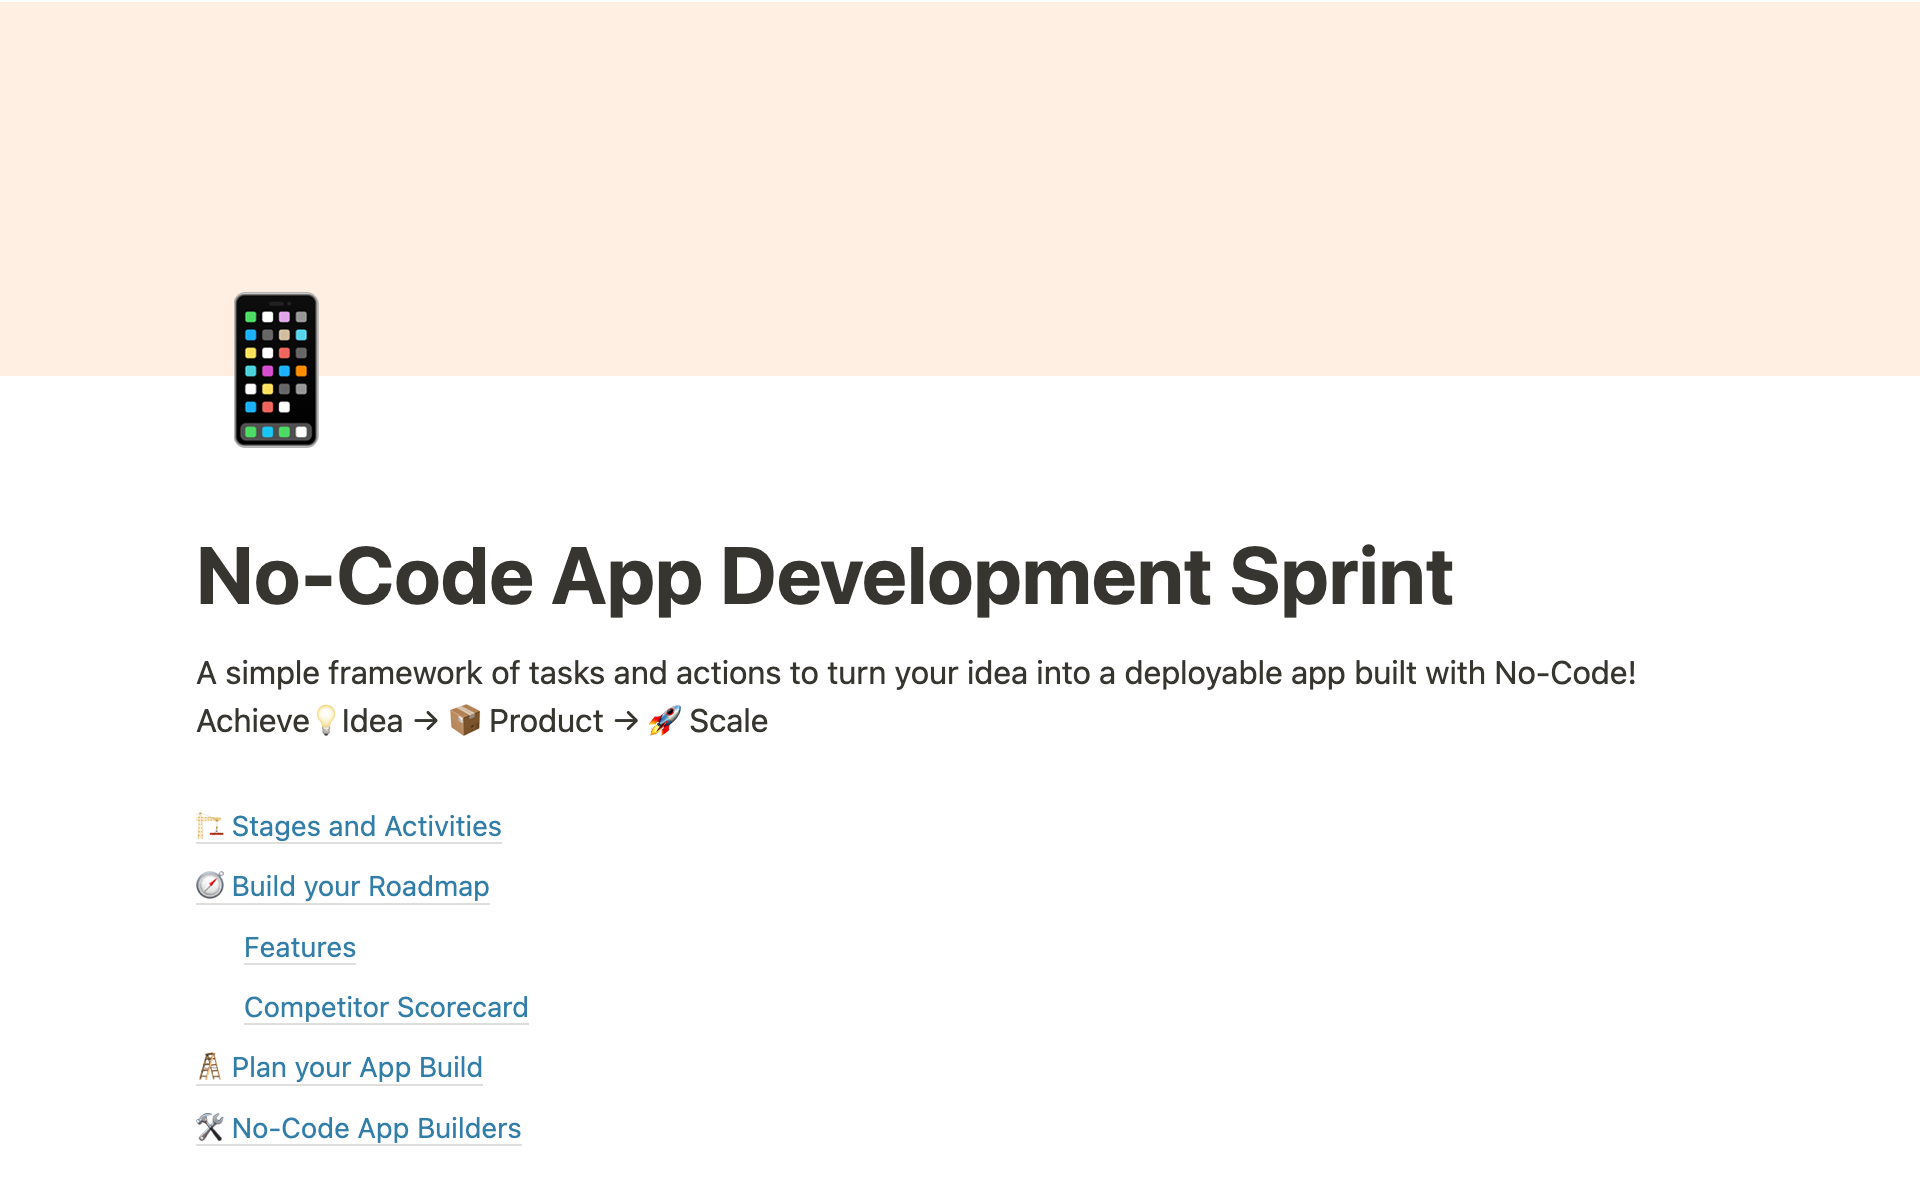 Uma prévia do modelo para No-Code App Development Sprint
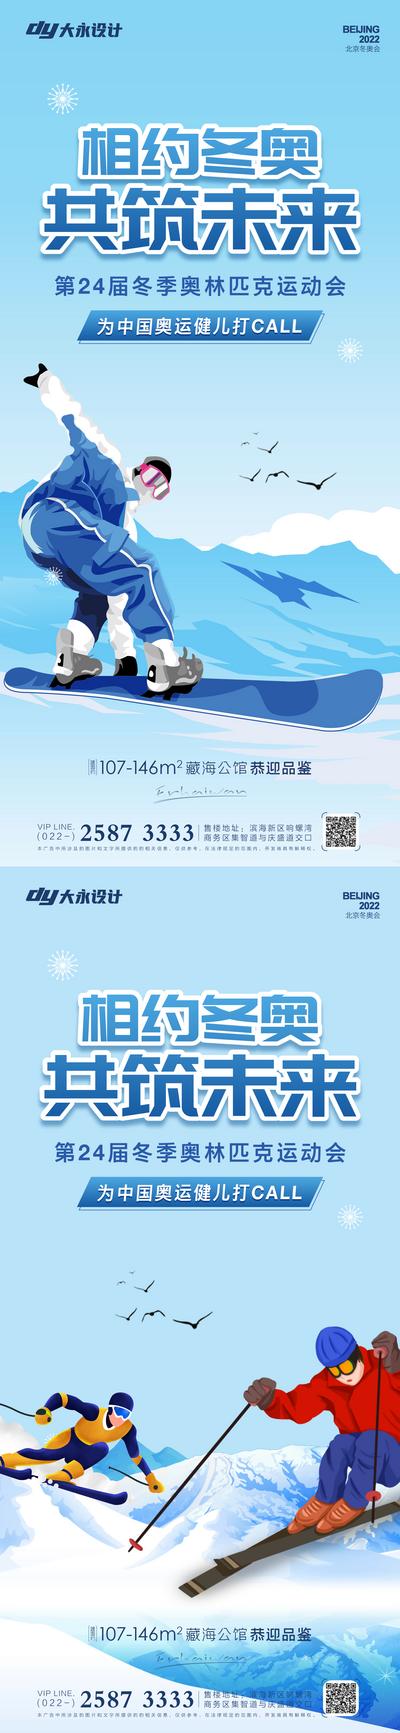 【南门网】海报 冬奥会 北京 2022 奥运会 滑雪 运动会 加油 体育 滑冰
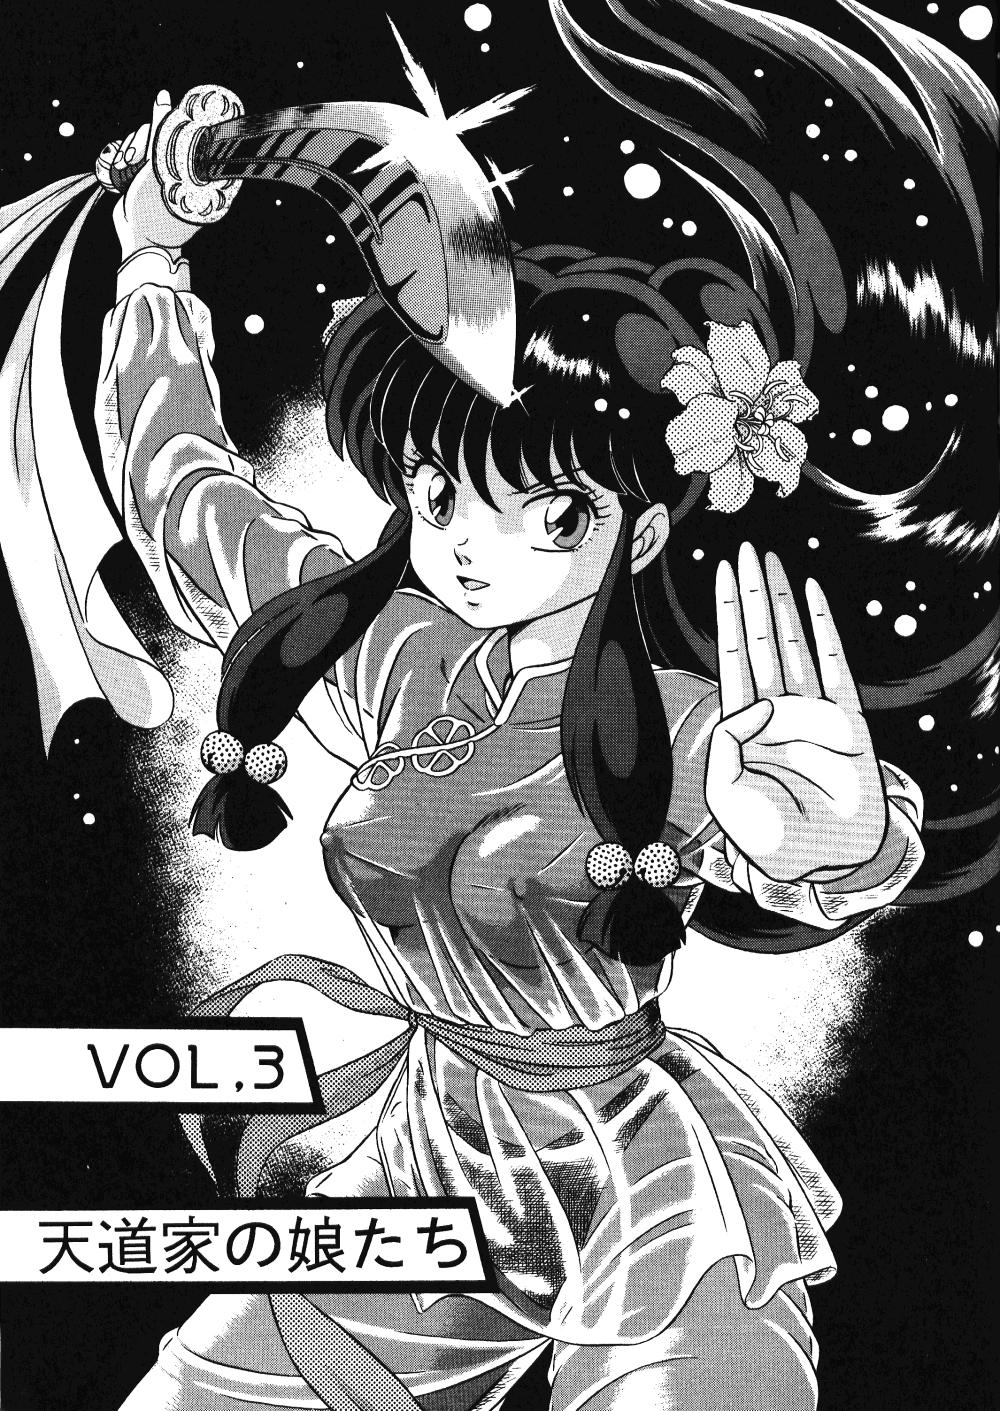 Bulge (C42) [Takashita-ya (Taya Takashi)] Tendou-ke No Musume-tachi Vol. 3 (Ranma 1/2) Ranma 12 Flash 2

Problem requirements
Print all data above verbatim, except pictures.

Answer to this exercise
 Uma prévia do modelo para No-Code App Development Sprint
 【南门网】海报 冬奥会 北京 2022 奥运会 滑雪 运动会 加油 体育 滑冰
 Bulge (C42) [Takashita-ya (Taya Takashi)] Tendou-ke No Musume-tachi Vol. 3 (Ranma 1/2) Ranma 12 Flash 2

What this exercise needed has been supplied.